** Data extract follows **

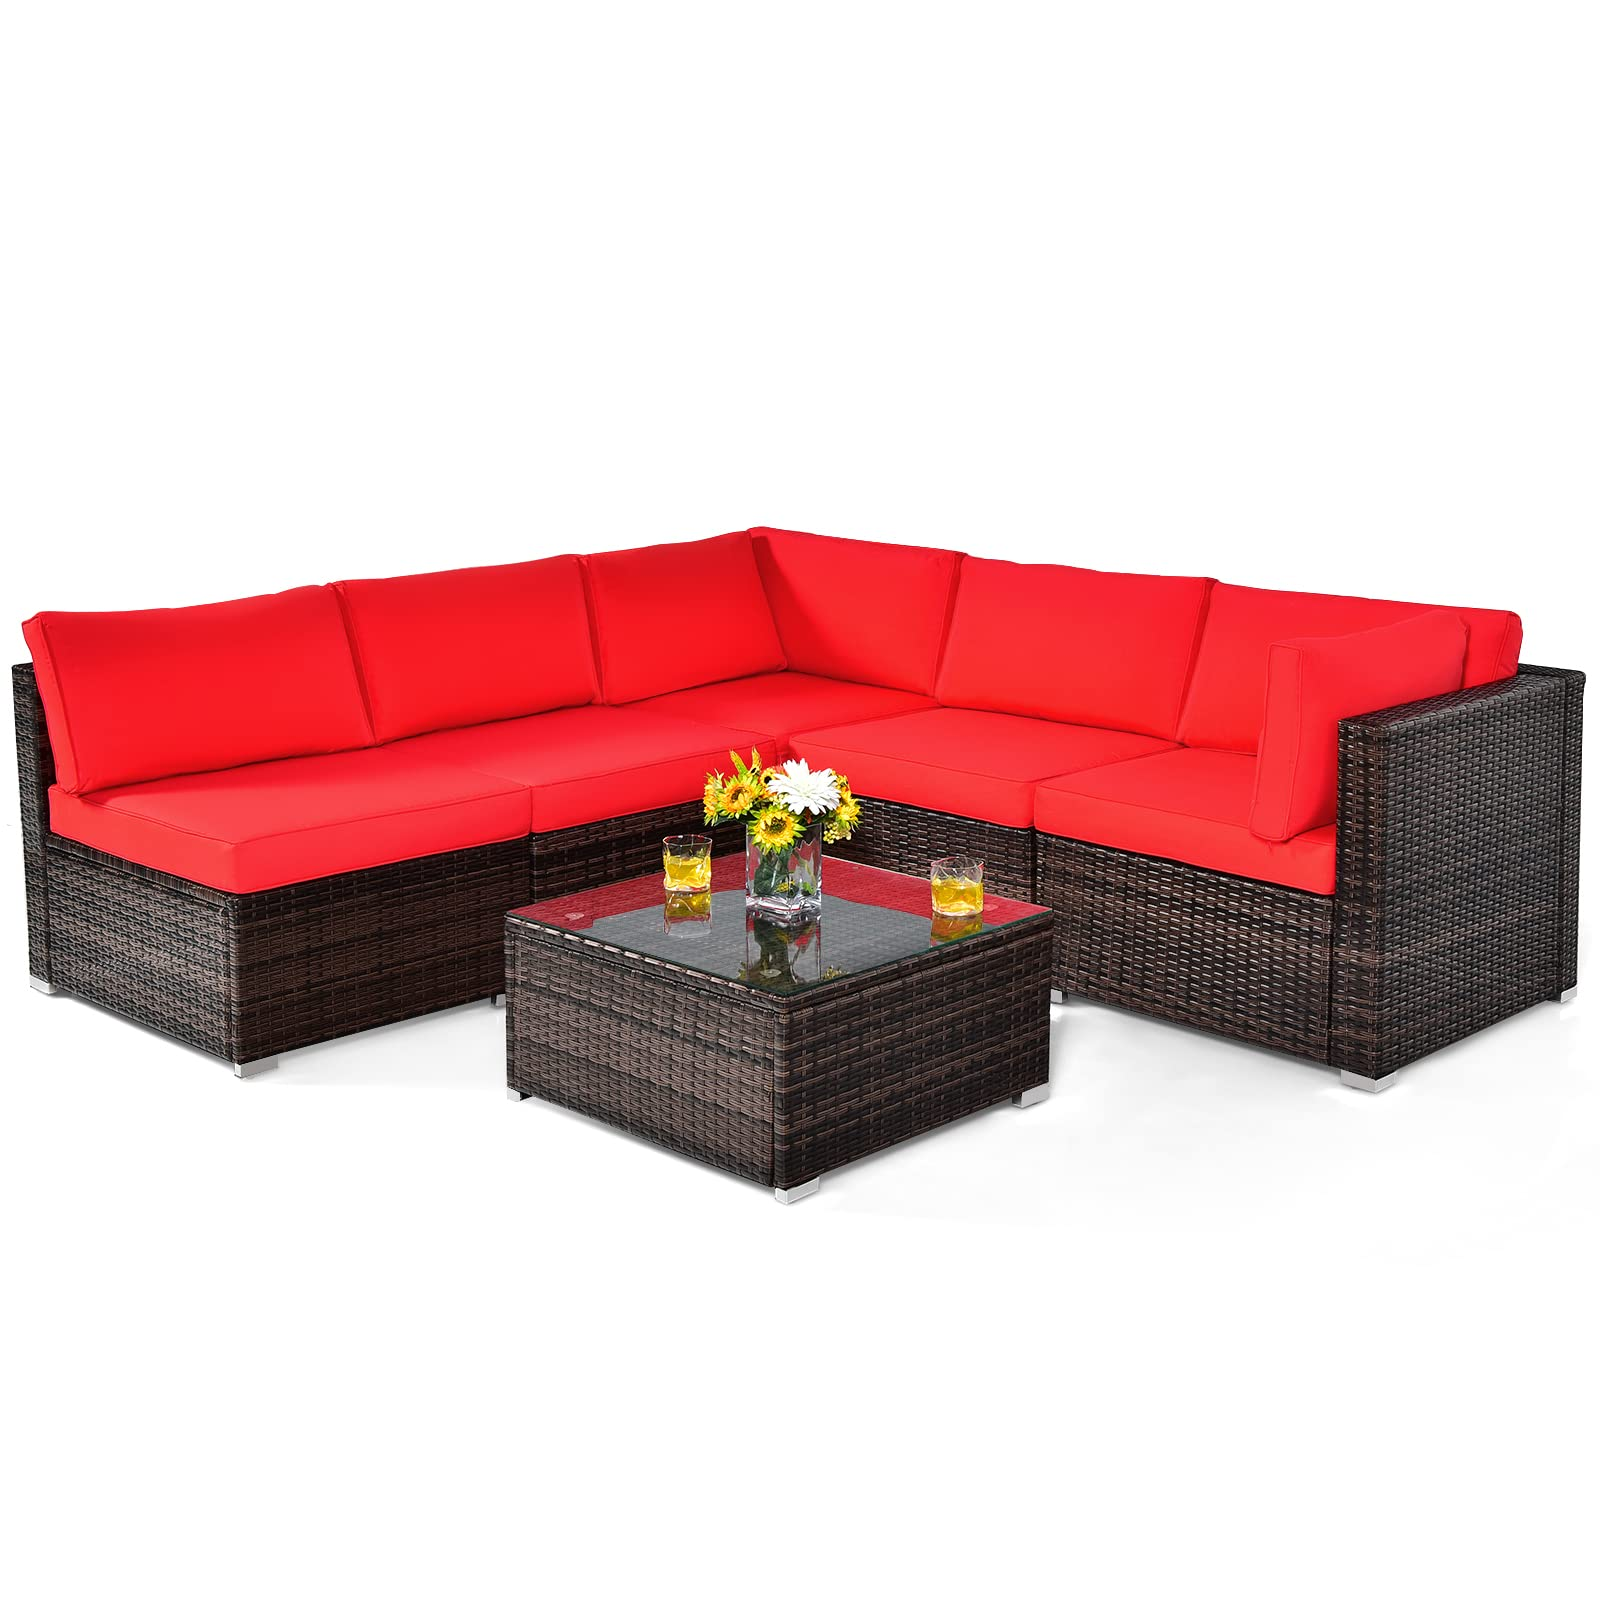 6 Pieces Patio Furniture Set, Red - Tangkula
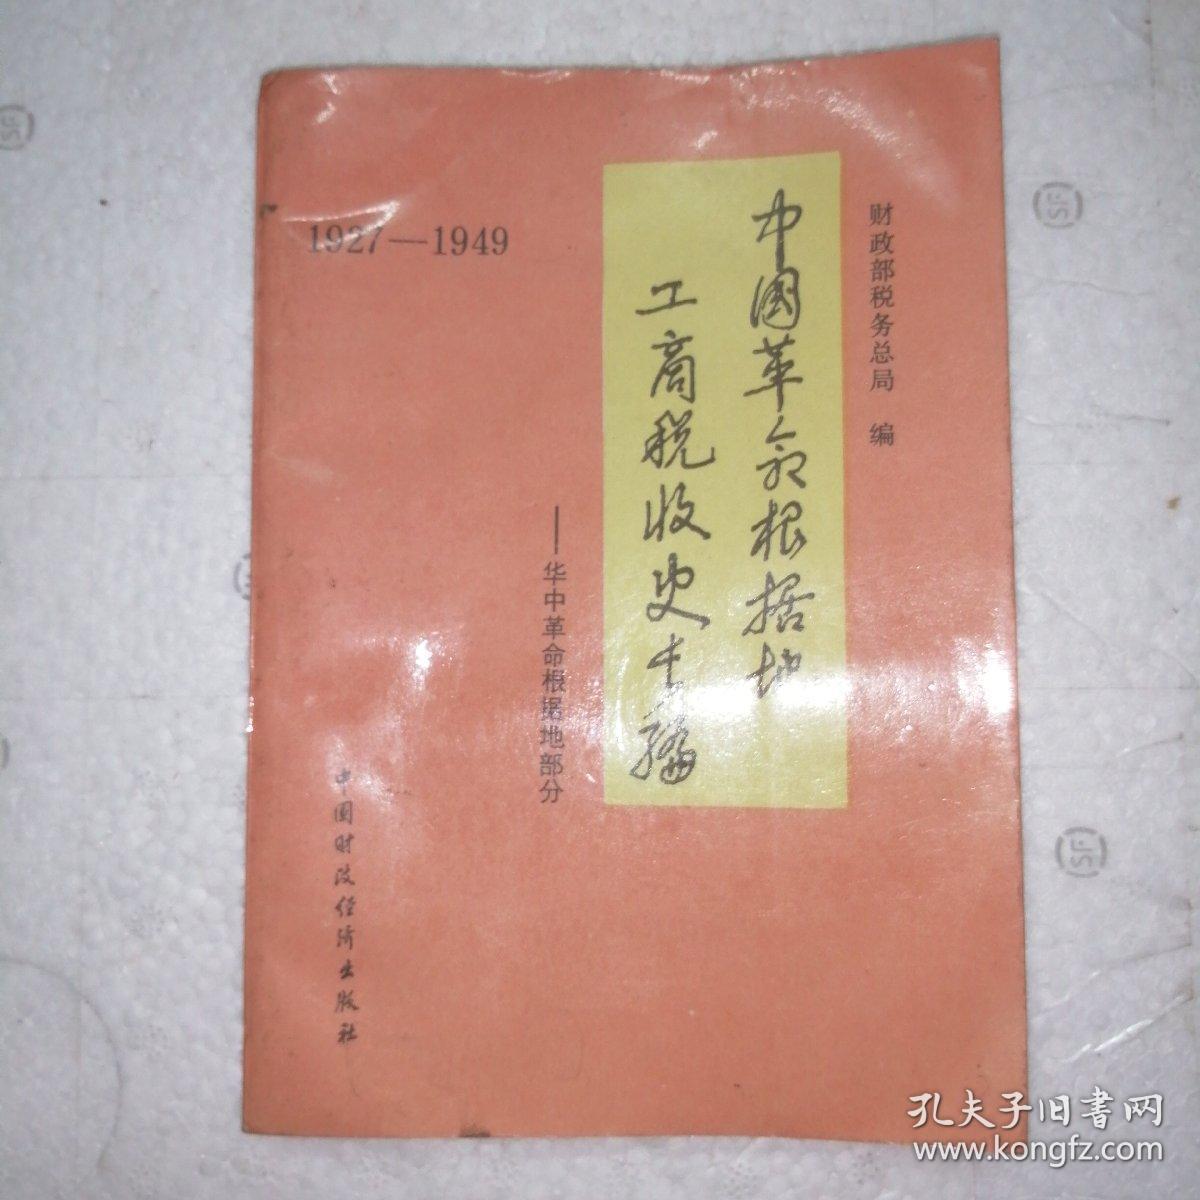 中国革命根据地工商税收史长编1927-1949。华中革命根据地部分
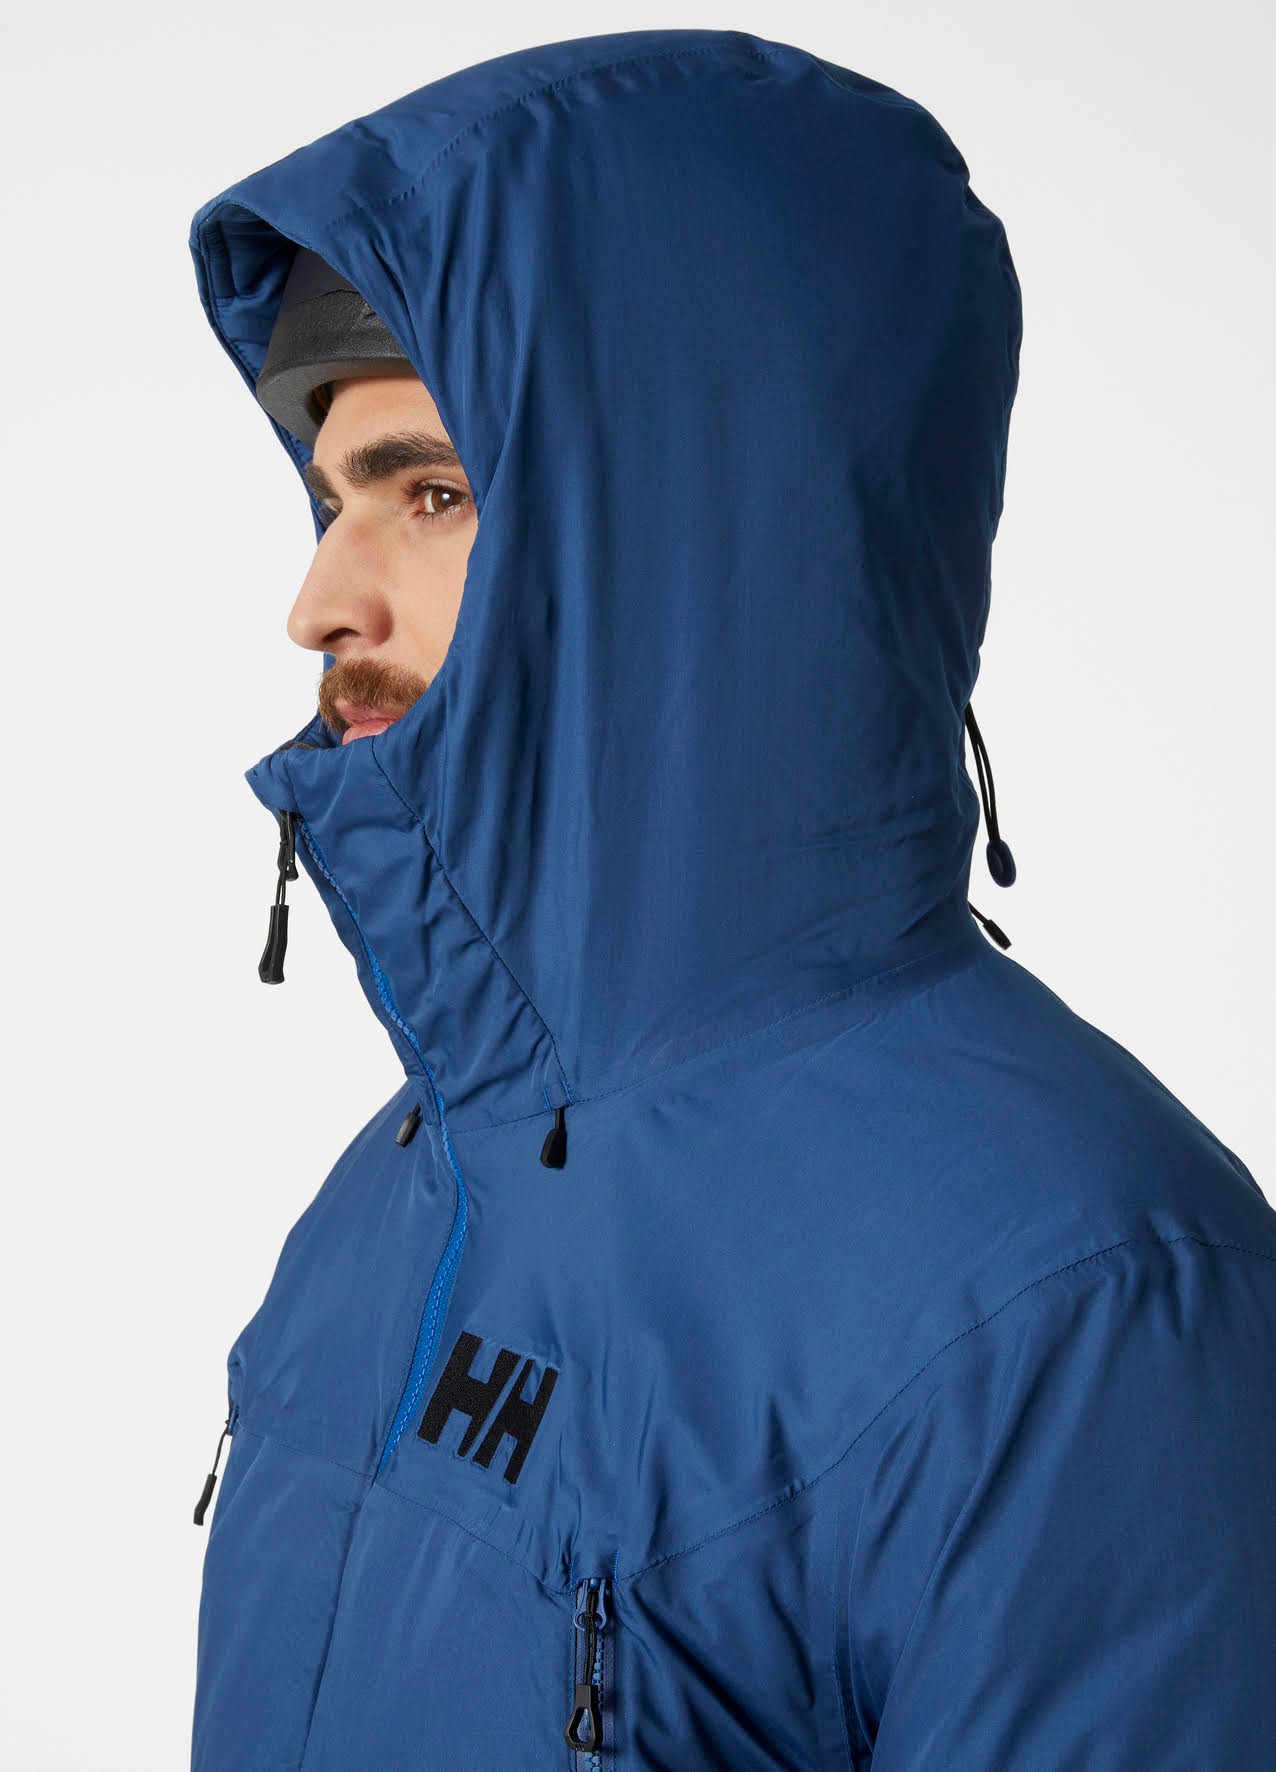 Helly Hansen presenta la chaqueta más cálida, transpirable y funcional

** End of Data extract **

_What you are asked to do_
From the first line to the last, repeat the listing exactly and skip its images.

_Solution to the exercise_
 6 Pieces Patio Furniture Set, Red - Tangkula
 中国革命根据地工商税收史长编1927-1949。华中革命根据地部分
 Helly Hansen presenta la chaqueta más cálida, transpirable y funcional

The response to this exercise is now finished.